# BTI - Bailador Technology Investments



## System (20 November 2014)

Bailador Technology Investments invests in businesses with established revenues and a proven business model operating in the information economy.

Bailador will typically invest $5-10 million into an investee company and targets minority investments alongside highly motivated founders and management who have best-in-class technology or business systems and excellent growth prospects.

http://www.bailador.com.au


----------



## So_Cynical (21 November 2014)

Started trading today at around the list price.


 Issue price of $1 per share including one option.
 Market Cap: 75,913,633
 Issued Shares: 77,462,891
 BTIO $1 Options expiring 31 March 2016

List below of the businesses already invested in.
~


----------



## So_Cynical (23 April 2015)

Bought a few today after watching for many months, 0.85 seems to be the bottom and is 15% less than the float price, NTA of over $1 - a nice mix of Tech/Internet investments, a stark difference to pretty much all the LIC's that seem to be obsessed with conservatism and mainstreaming,
~


----------



## So_Cynical (14 April 2016)

A couple of new shareholders added to the list, Eureka report and Washington H Soul Pattinson & Company, SOL will now be a substantial holder with about 20%

http://bailador.com.au/news/eureka-report-our-newest-lic-purchase-bailador

http://bailador.com.au/news/washington-h-soul-pattinson-invests-in-bailador

----------------

1 year into this and my 85c buy in is looking ok,  didnt catch the bottom but still bought at about the right level - time.
~


----------



## So_Cynical (16 June 2016)

So_Cynical said:


> (23rd-April-2015 ) Bought a few today after watching for many months, 0.85 seems to be the bottom.




Sold half my position today @ $1.14 ~ a tidy 32% profit for holding 14 months, figured the job was done considering i had held for the CGT discount and needed to continue my pursuit of dividends...could be quite a while till BTI pays a divi.


----------



## Dona Ferentes (13 April 2021)

Bailador is having a good year.  As a LIC, it has different characteristics than many others, being

_High Conviction (currently 8 investments plus cash)_
_Technology focused_
_Seeking growth stage investment. _

Companies BTI invests in typically share the following characteristics: 
_• Run by the Founders 
• Two to six years in operation 
• Proven business model with attractive unit economics 
• International revenue generation 
• Huge market opportunity 
• Ability to generate repeat revenue_

The market cap is $178 million, with the latest NTA per share (pre-tax) of $1.51; post tax, which is more relevant considering the growth/ cash realisation, is $1.34. So it is not really trading at a discount.
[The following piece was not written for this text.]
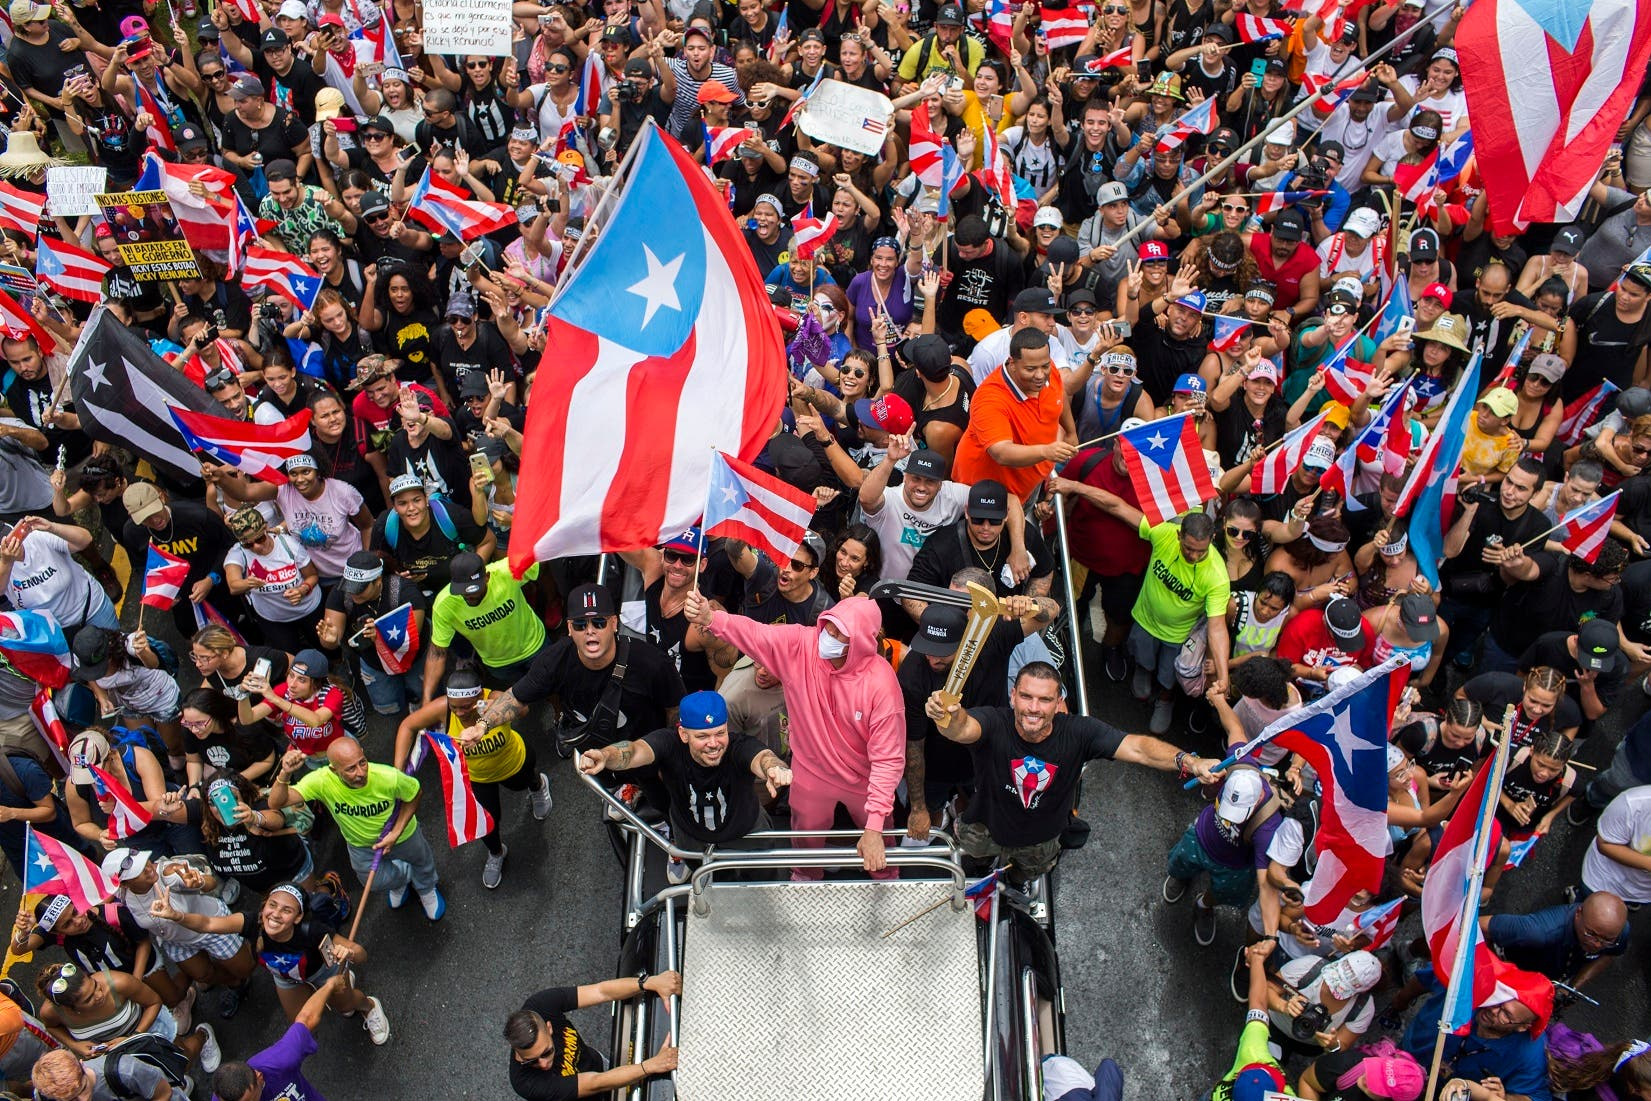 """1. Wisin, Residente, Bad Bunny, Nicky Jam y Julián Gil desde un vehículo, participando de la marcha """"Somos más""""."""

And it can be lumpy; recently one asset was exited for cash, another had a 49% uplift on revaluation. But it is the imprecise nature of pricing, whether by new equity to the holding, or a comparable company being repriced.  

It is start-up tech world; if you want exposure to SiteMinder, instacluster, Straker, Stackla, Lendi, Rezdy, Brosa, DocsCorp and Standard Media Index (whoa there; no spell check(!!) ) with a clip (MER), then this could be a way to diversify the risk.

_Daily for last 15 months_:


----------



## Dona Ferentes (17 August 2021)

Australia’s only listed venture capital business Bailador Technology Investments has reaped the benefits of soaring tech valuations to post a $27.6 million profit in financial 2021, as the value of its portfolio companies jumped $52 million to $179 million.

The group’s co-founder David Kirk said financial 2022 could prove a watershed year if Bailador holds sharemarket investments on the assumption its two largest portfolio holdings SiteMinder and Instaclustr hit the ASX boards.



> “_We think these are great businesses_,” Mr Kirk said. “_And one of the reasons we took our fund public in the first place was to allow us to hold our best positions for as long as it made sense to do so. As we’ve seen with lots of tech businesses over the last 10 or 15 years, they just grow and grow and grow. So exiting them early, too early, can sometimes be the worst investment decision you make_.”




Over the financial year Bailador sold stakes in portfolio holdings DocCorp, Viostream and Lendi for total cash proceeds of $31 million, while another holding, Stackla, merged with Finnish e-commerce start-up Nosto.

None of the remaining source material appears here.